Approximately 15 million babies are born prematurely each year (Lawn et al., 2013), defined as parturition before 37 weeks of gestation. In Korea, the rate of preterm birth (PTB) has continuously increased by 1.4-fold, from 4.7% in 2005 to 6.9% in 2015 (Hwang et al., 2015; Korean Statistical Information Service, 2016). Prematurely born babies account for a significant proportion of infant morbidity and mortality (Simmons et al., 2010; Yoo et al., 2018). Approximately 40% of PTBs spontaneously occur because of infection and inflammation, including associations with subclinical intrauterine, intra-amniotic, and extrauterine maternal infections, such as periodontal disease (Goldenberg and Culhane, 2006; Mysorekar and Cao, 2014).

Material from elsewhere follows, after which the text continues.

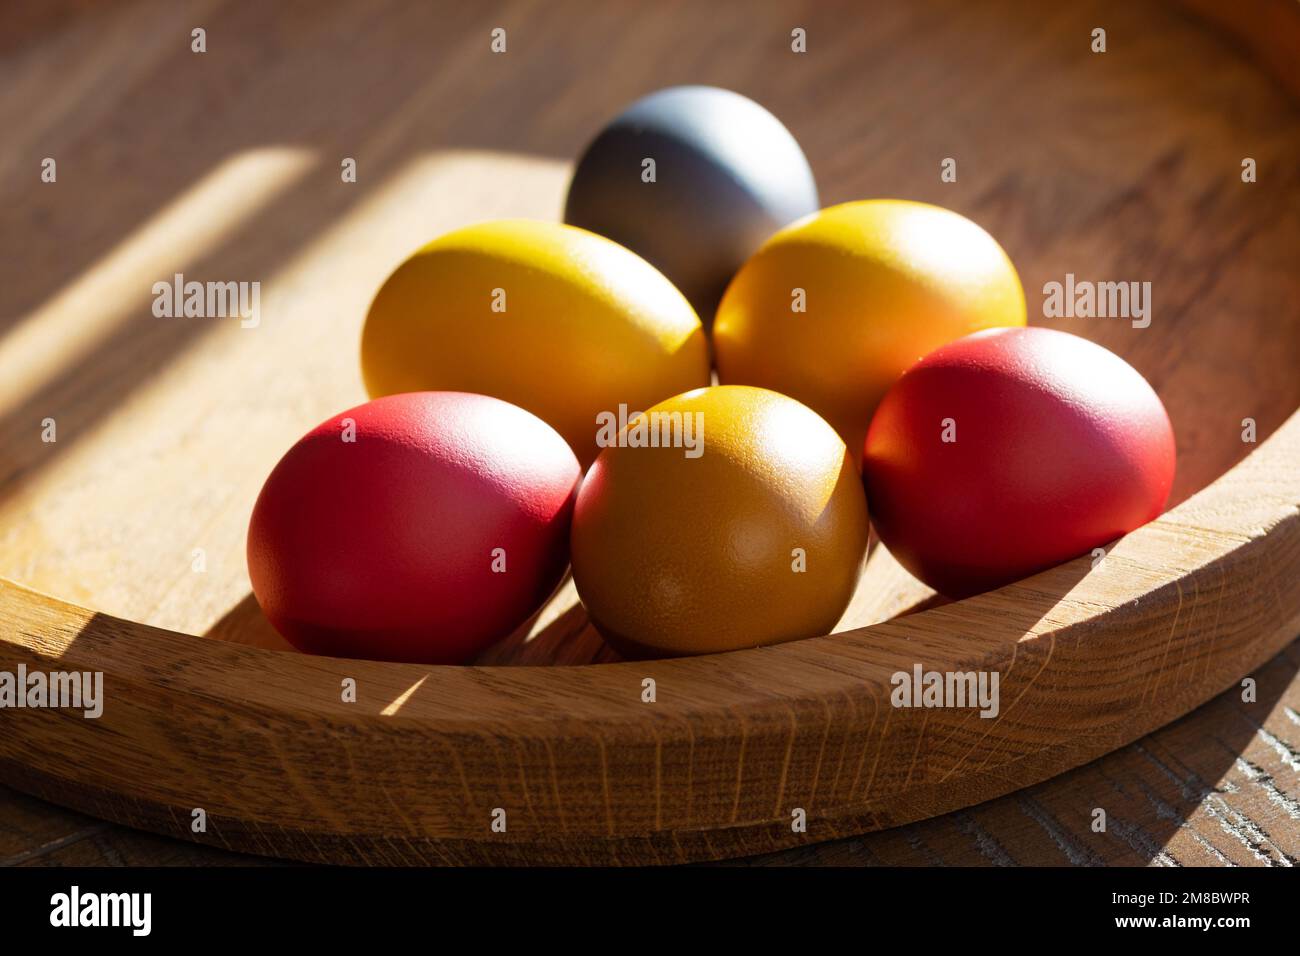 Six œufs de Pâques aux couleurs vives se trouvent sur un plateau en bois au soleil Banque D'Images
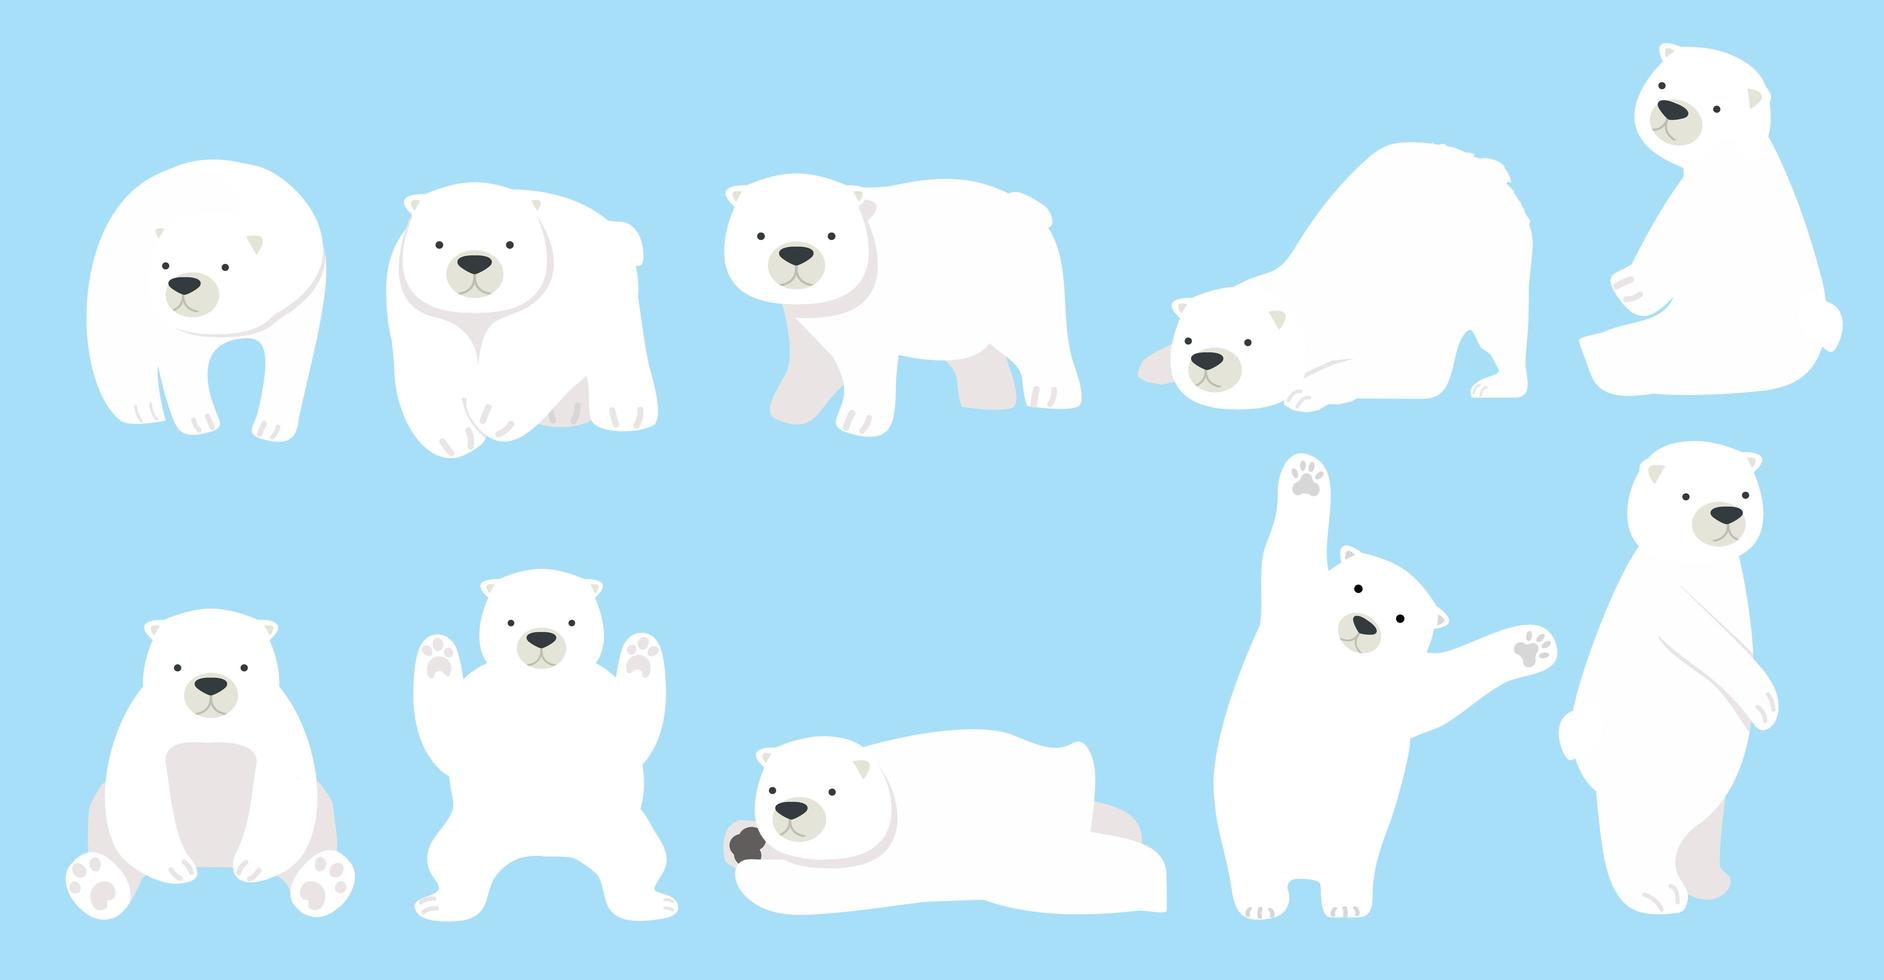 lustiger Zeichensatz des niedlichen Eisbären vektor

Over the course of pregnancy, the microbiome in every organ of the body undergoes profound changes associated with metabolic alterations and immunological adaptations (Koren et al., 2012). However, bacterial pathogens and associated products can induce local inflammatory responses in gestational tissues (acute chorioamnionitis), leading to preterm labor (Romero et al., 1988, 1989; Yoon et al., 1998). Most intra-amniotic infections are thought to occur when the microbiome in the lower genital tract (vagina and/or cervix) gains access to the amniotic fluid (Romero et al., 2006). Changes in the microbial ecosystem of the vagina have been implicated in the genesis of ascending intrauterine infection (Hillier et al., 1995; Hitti et al., 2001; Racicot et al., 2013). Similarly, microbial infection of the amniotic fluid, vaginal canal, and oral cavity is known to significantly contribute to PTB (Ryan and Ray, 2004; Menon, 2008; Yoo et al., 2016).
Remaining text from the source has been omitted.